Work instruction>
Word for word, restate the lines from the one holding "Spackenkill’s defense kept" through the last line of the material below, and leave every picture out.

Stored data>
++++++++++

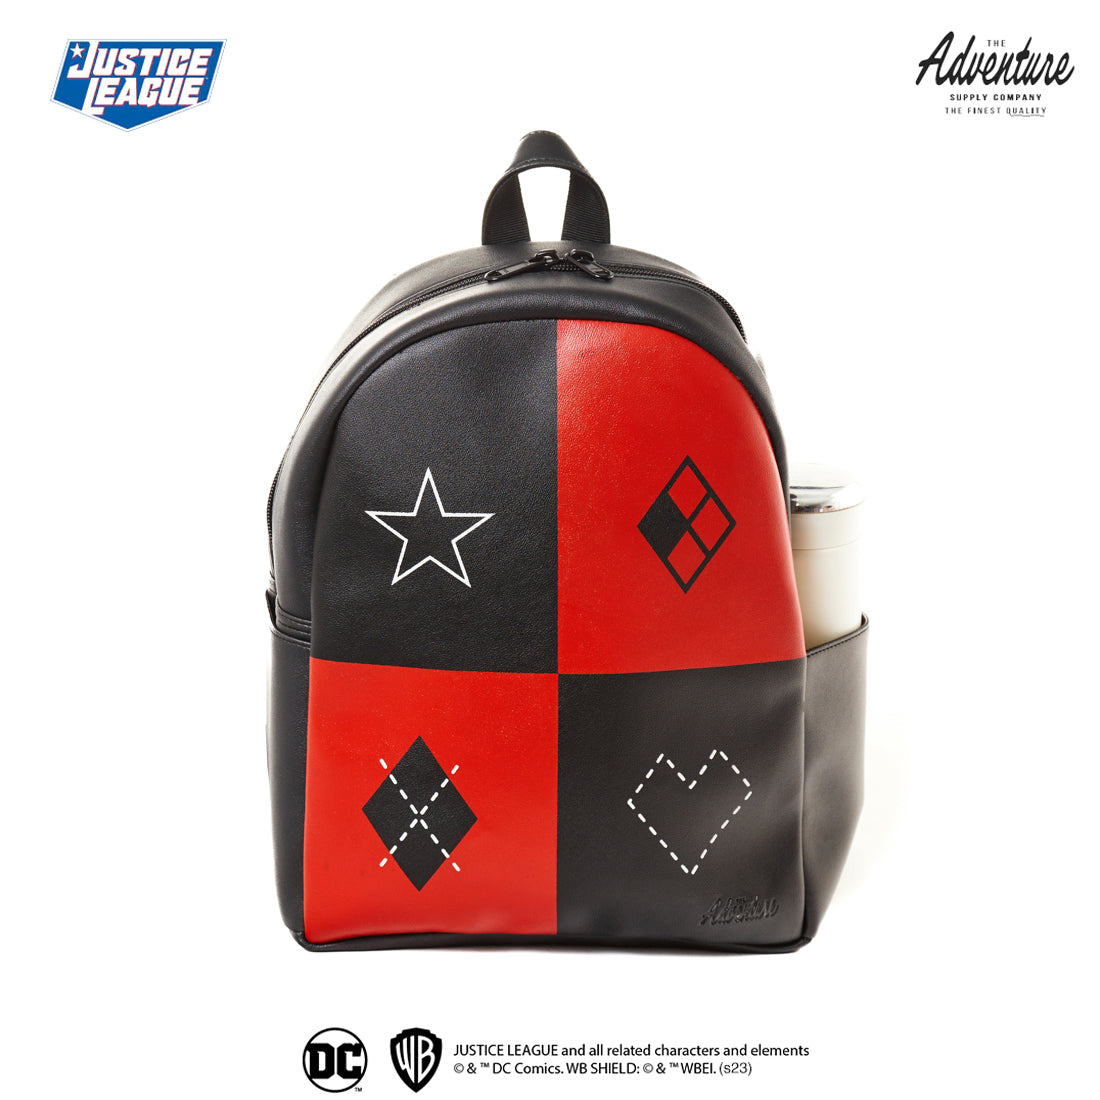 Peculiar x Adventure DC Comics Collection Harley Quinn Leather Backpack Shin
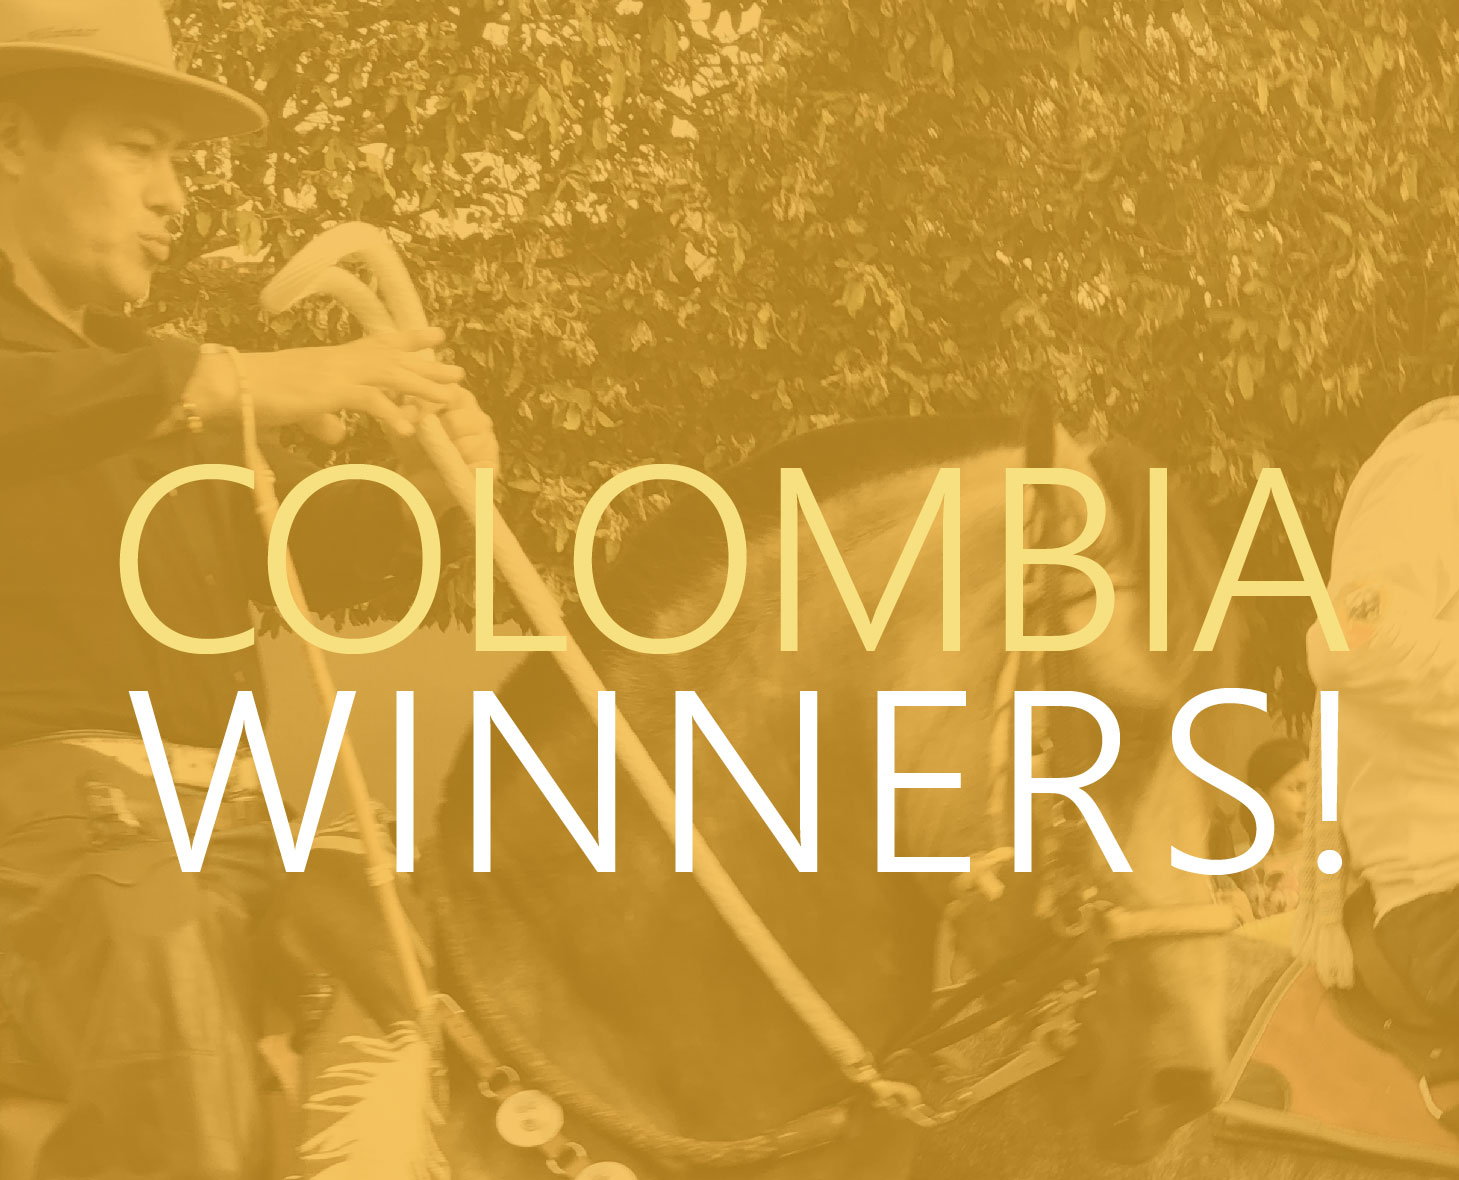 Colombia Winners-cowboys-Teaser2
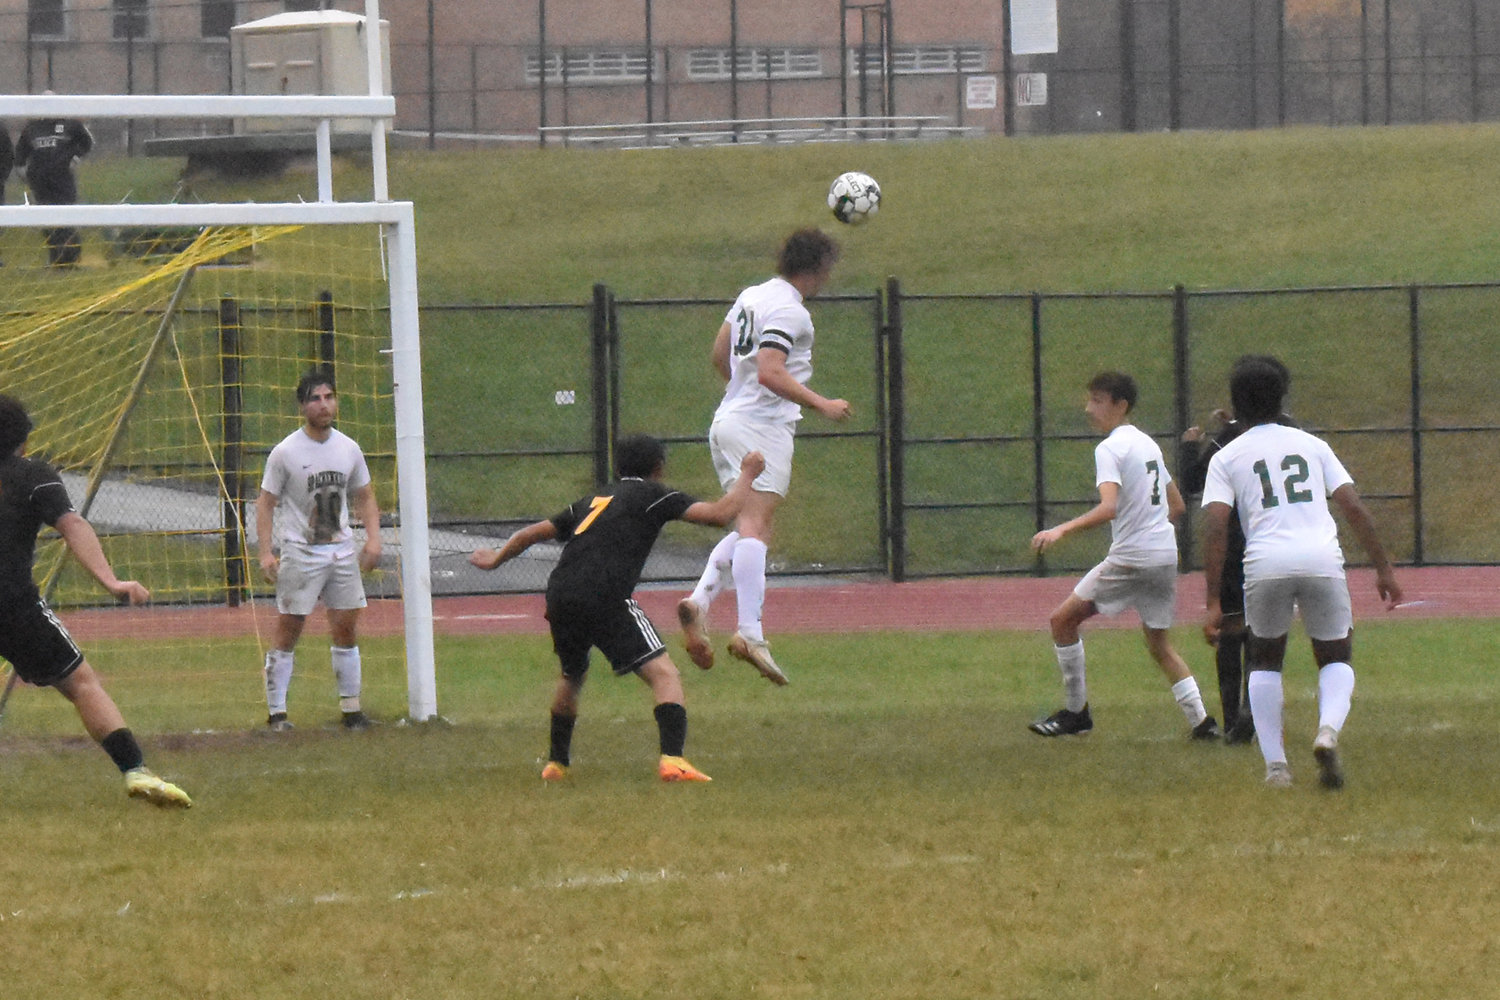 Spackenkill’s defense kept Fallsburg out of the goal for the entirety of the game, especially No. 30, who used his head to redirect a corner kick away from the goal.
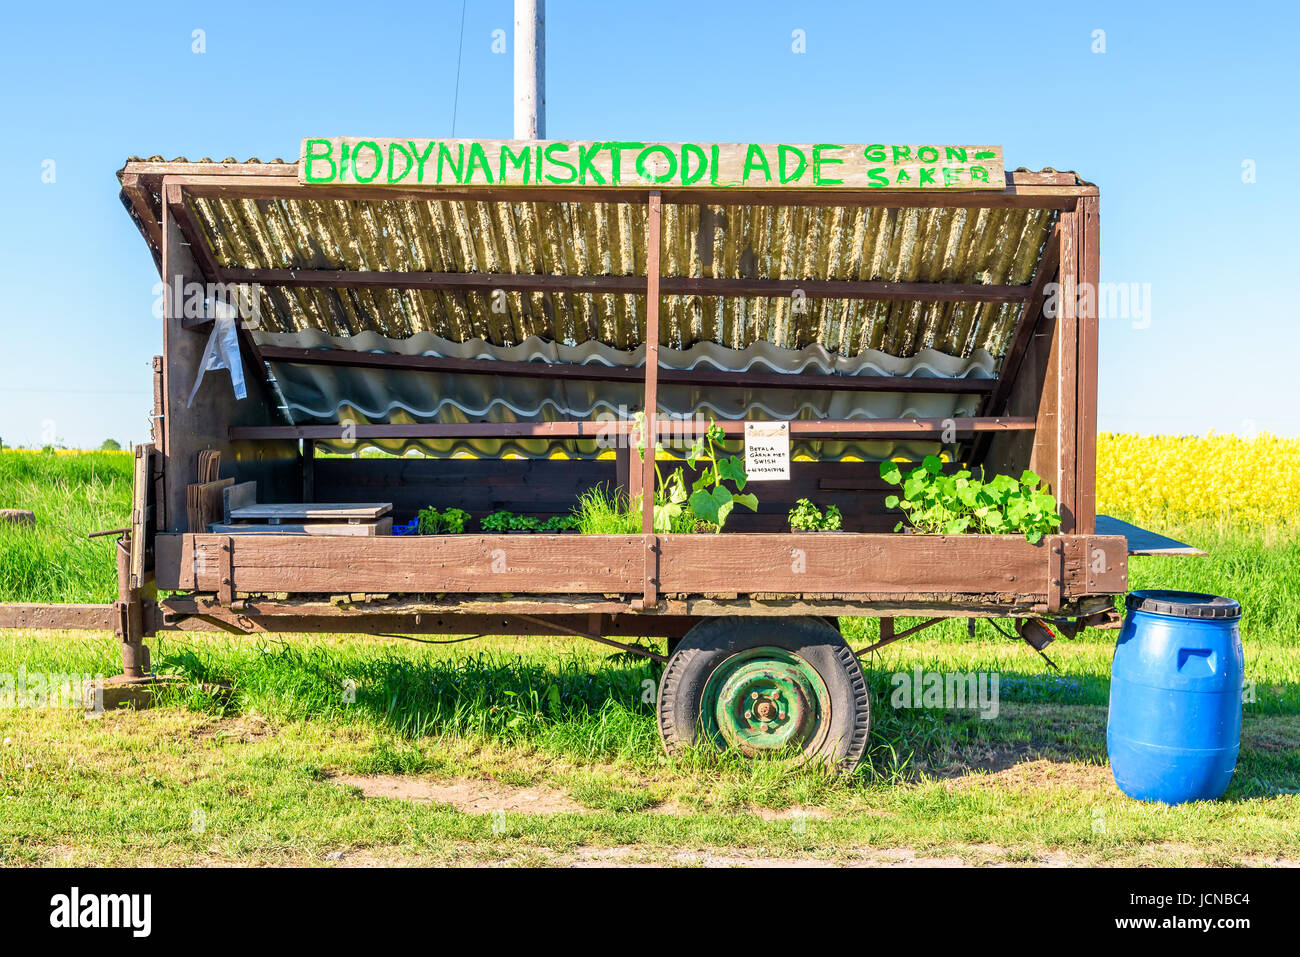 Oland, Sweden - May 28, 2017: Environmental documentary. Unmanned or unattended vegetable kiosk on small trailer selling organic and local produce. Stock Photo

++++++++++

Response to the exercise>
 Spackenkill’s defense kept Fallsburg out of the goal for the entirety of the game, especially No. 30, who used his head to redirect a corner kick away from the goal.
 Oland, Sweden - May 28, 2017: Environmental documentary. Unmanned or unattended vegetable kiosk on small trailer selling organic and local produce. Stock Photo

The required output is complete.